As the tenth
crew of the International Space Station (ISS) tends to its orbital home this
month, the station itself marks its fourth year with humans continuously living
onboard.
For NASA
officials, the anniversary marks the end of a year of firsts for the ISS that
included unprecedented repairs and spacewalks for two space station crews.
In February, Expedition 8 commander Michael Foale and flight engineer Alexander Kaleri stepped outside the ISS for the
first spacewalk
without a human crewmember inside.
A few months later a new station crew, Expedition 9's
Gennady Padalka and Michael Fincke, flawlessly performed a
risky
spacewalk to repair a U.S. ISS component while wearing Russian Orlan space suits and starting from the
Russian segment.
"It is a testament that we've learned a lot about adapting
to conditions in space," said Mark Geyer, NASA's ISS manager
for integration and operations, in a telephone interview.
Humans have
lived onboard the ISS since Nov. 2, 2000, when the three-man crew of Expedition
1 set foot inside the orbiting station.
"It was a foggy day," Geyer said of Expedition 1's Oct. 31
launch from Baikonur Cosmodrome in Kazakhstan. "It was a long trip to see
a three-second launch."
Geyer stressed that while humans
have lived continuously aboard the ISS since 2000, they have lived in space much
longer. The Russians had a near-continuous presence aboard Mir since 1996.
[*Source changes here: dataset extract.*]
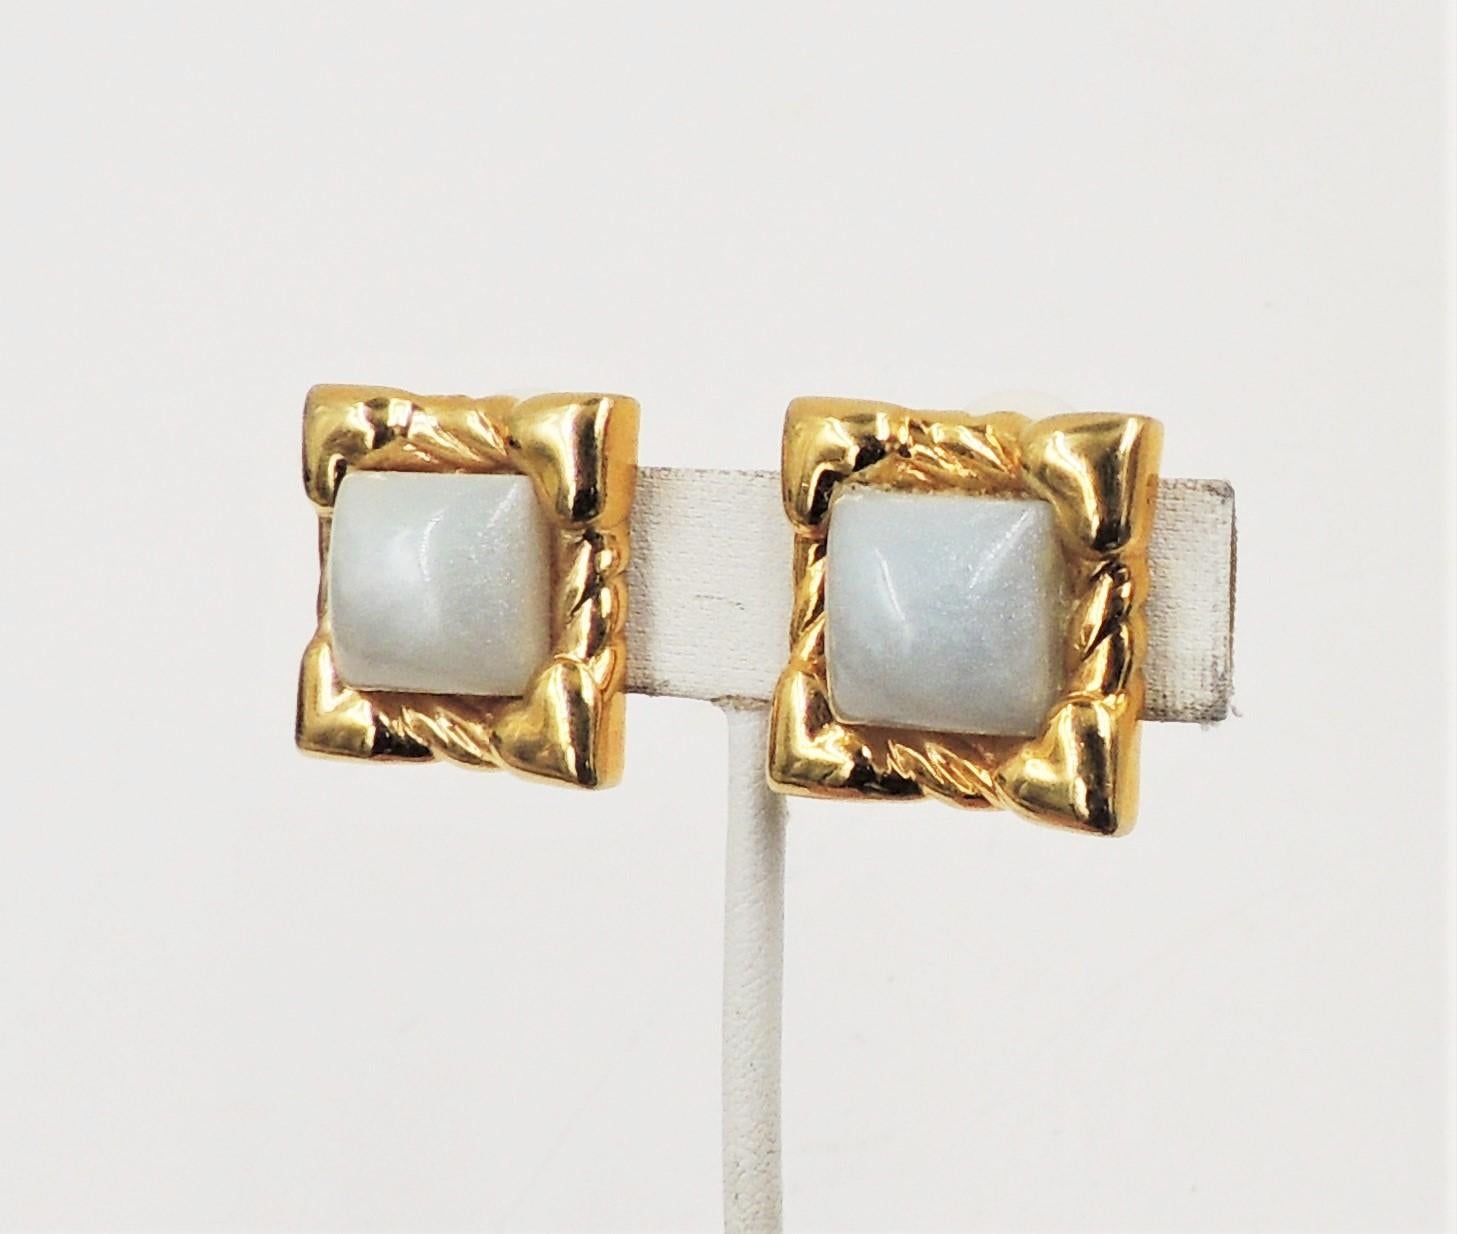 Vintage late 1980s or early 1990s square goldtone and white iridescent sugarloaf cabochon clip back earrings. Marked

"So humans have been in space now
for quite a long time, which forces engineers and operators to continue to be
creative," Geyer said. "Especially for the 24/7 operations that will be required
for future space exploration missions."
In the last year, two-person crews
have replaced the standard three-person ISS expeditions since the loss of Columbia in February 2003
and the grounding of NASA's space shuttle fleet. Without the shuttle's downmass
capabilities, cargo has cluttered the station and ISS crews have had to find ways of repairing
equipment that would normally be sent back to Earth.
"What you have to trade it against
is the crew time required to repair something than to send it back on a
shuttle," Geyer said.
The Expedition 8 crew performed a
meticulous
gyroscope
repair on the station's exercise treadmill during their stay at the ISS.
Meanwhile, Expedition 9's Fincke performed a feat some engineers thought
impossible, the disassembly and
repair of a faulty U.S. space suit and replacement of a small rotor pump deep
inside the suit's cooling system.
NASA astronaut Leroy Chiao, the station's current commander for Expedition 10,
has continued those space suit repairs on a second U.S. space suit. On the space
station's fourth Nov. 2 with a crew aboard, Chiao also became the first astronaut
to
vote in a presidential election from space.
More firsts are
planned for the ISS in the year ahead. Among them is the arrival of the European
Space Agency's unmanned Automated Transfer Vehicle Jules Verne, a supply ship
expected to dock at the station in fall 2005. The Japanese Aerospace Exploration
Agency (JAXA) is also developing an unmanned supply ship designed to be captured
by the station's robotic arm and connected to Node 2.
"These are different launch vehicles and systems based at
different launch sites, which adds a lot of flexibility to servicing the
station," Geyer said. "That international [participation] is key."